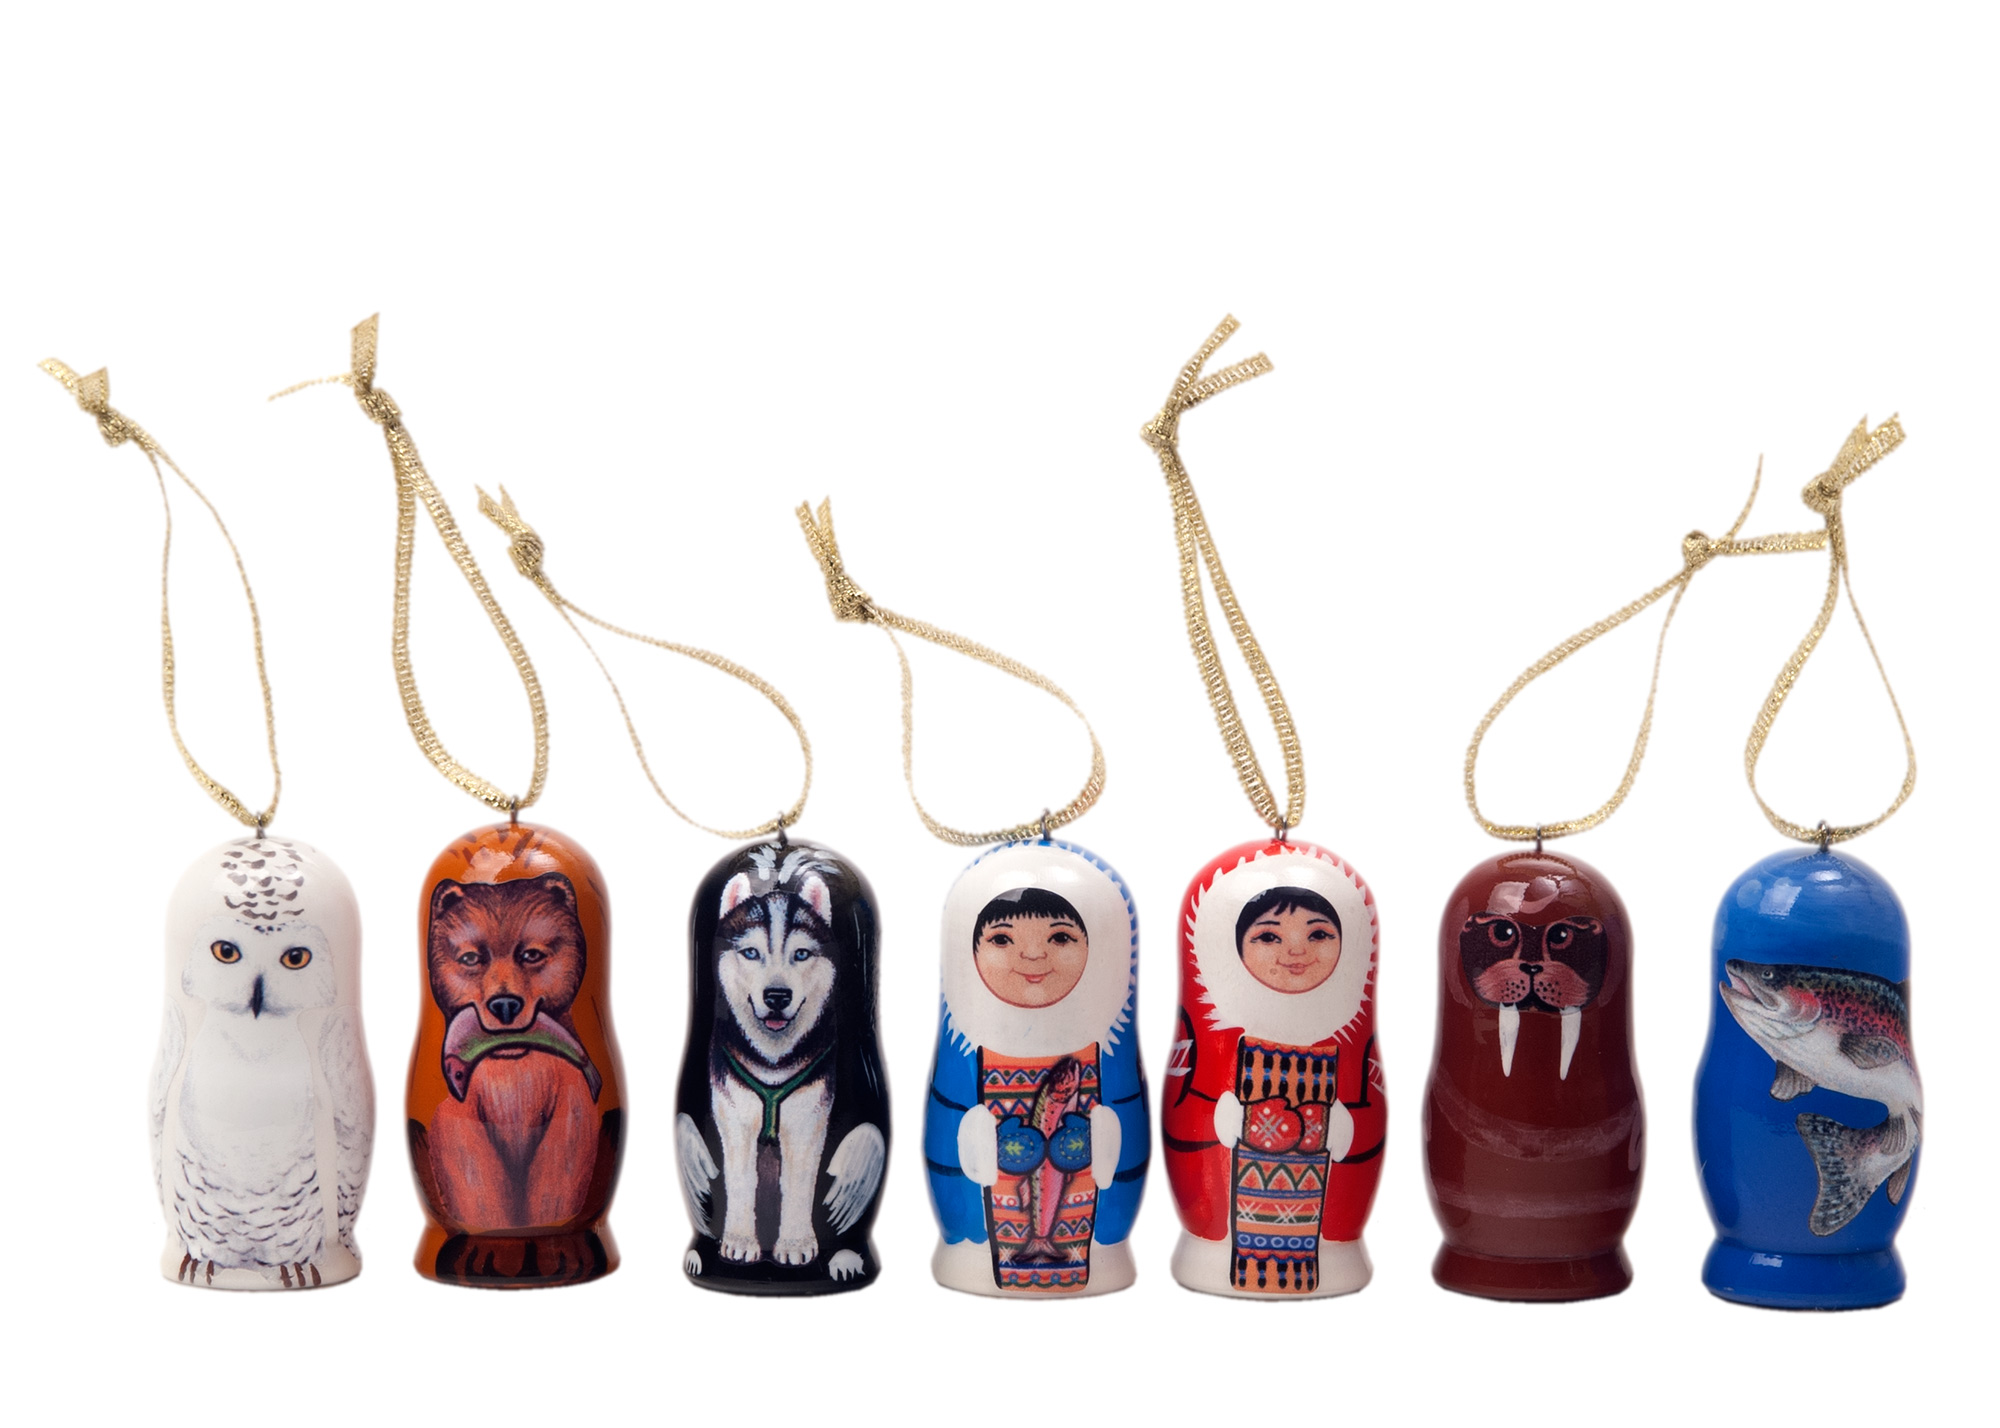 Buy Alaskan Ornaments Set of 7 at GoldenCockerel.com
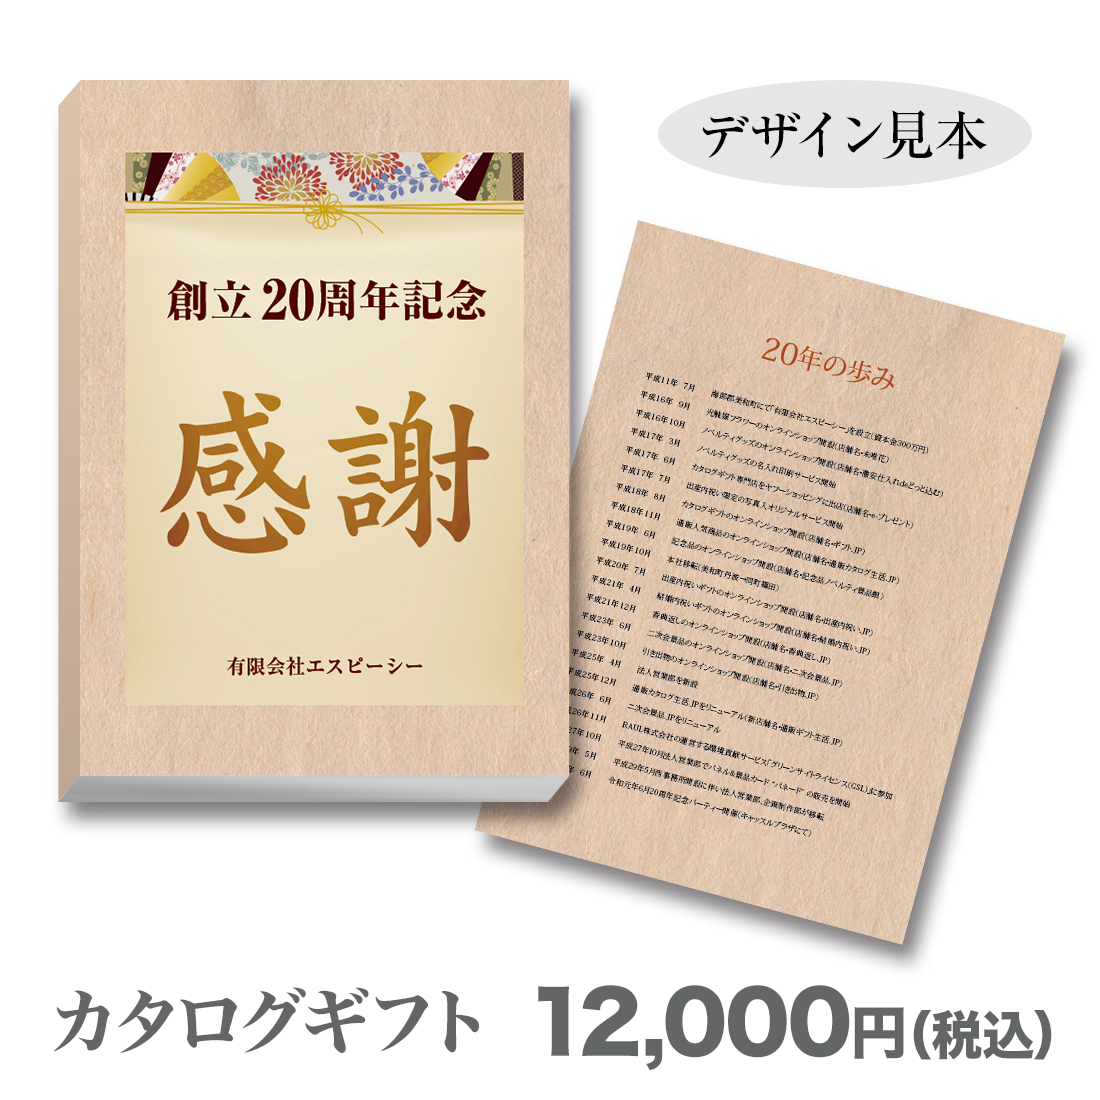 ブックカバー付カタログギフト 感謝 12 000円 記念品 ノベルティ 景品館
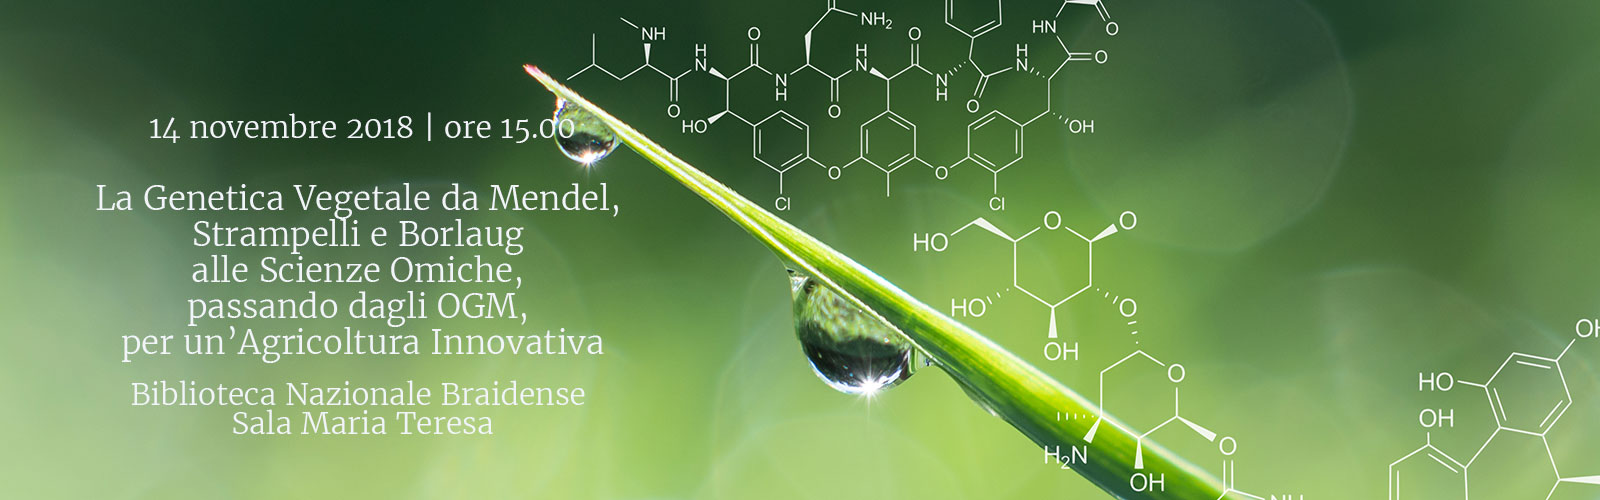 La Genetica Vegetale da Mendel, Strampelli e Borlaug alle Scienze Omiche, passando dagli OGM, per un’Agricoltura Innovativa
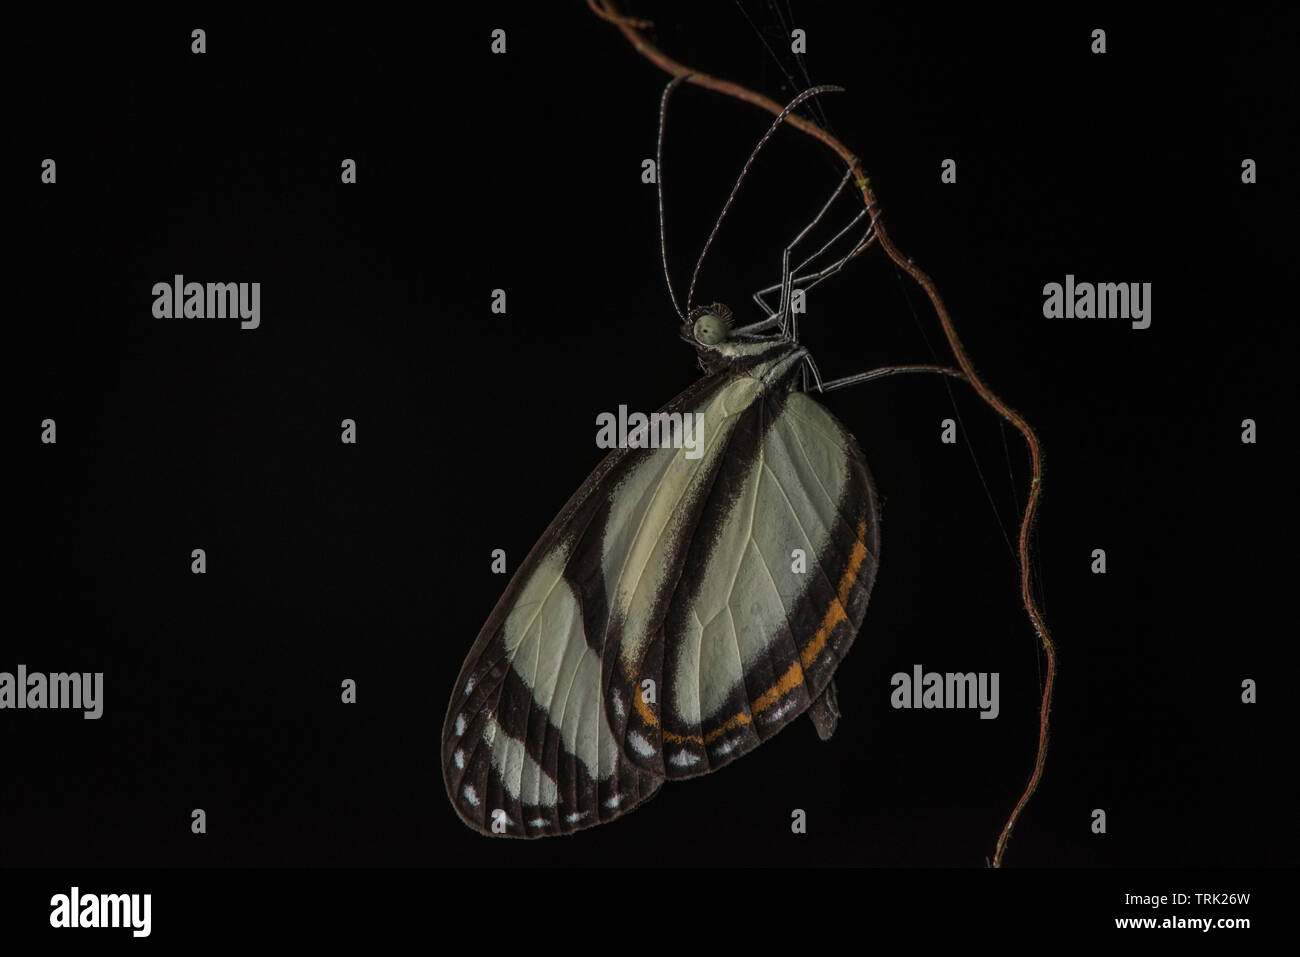 Orejas de mariposa fotografías e imágenes de alta resolución - Alamy

● Required work:
Without the pictures, write out the whole listing above exactly as it appears.

● Response below:
 Buy Alaskan Ornaments Set of 7 at GoldenCockerel.com
 ブックカバー付カタログギフト 感謝 12 000円 記念品 ノベルティ 景品館
 La Genetica Vegetale da Mendel, Strampelli e Borlaug alle Scienze Omiche, passando dagli OGM, per un’Agricoltura Innovativa
 Orejas de mariposa fotografías e imágenes de alta resolución - Alamy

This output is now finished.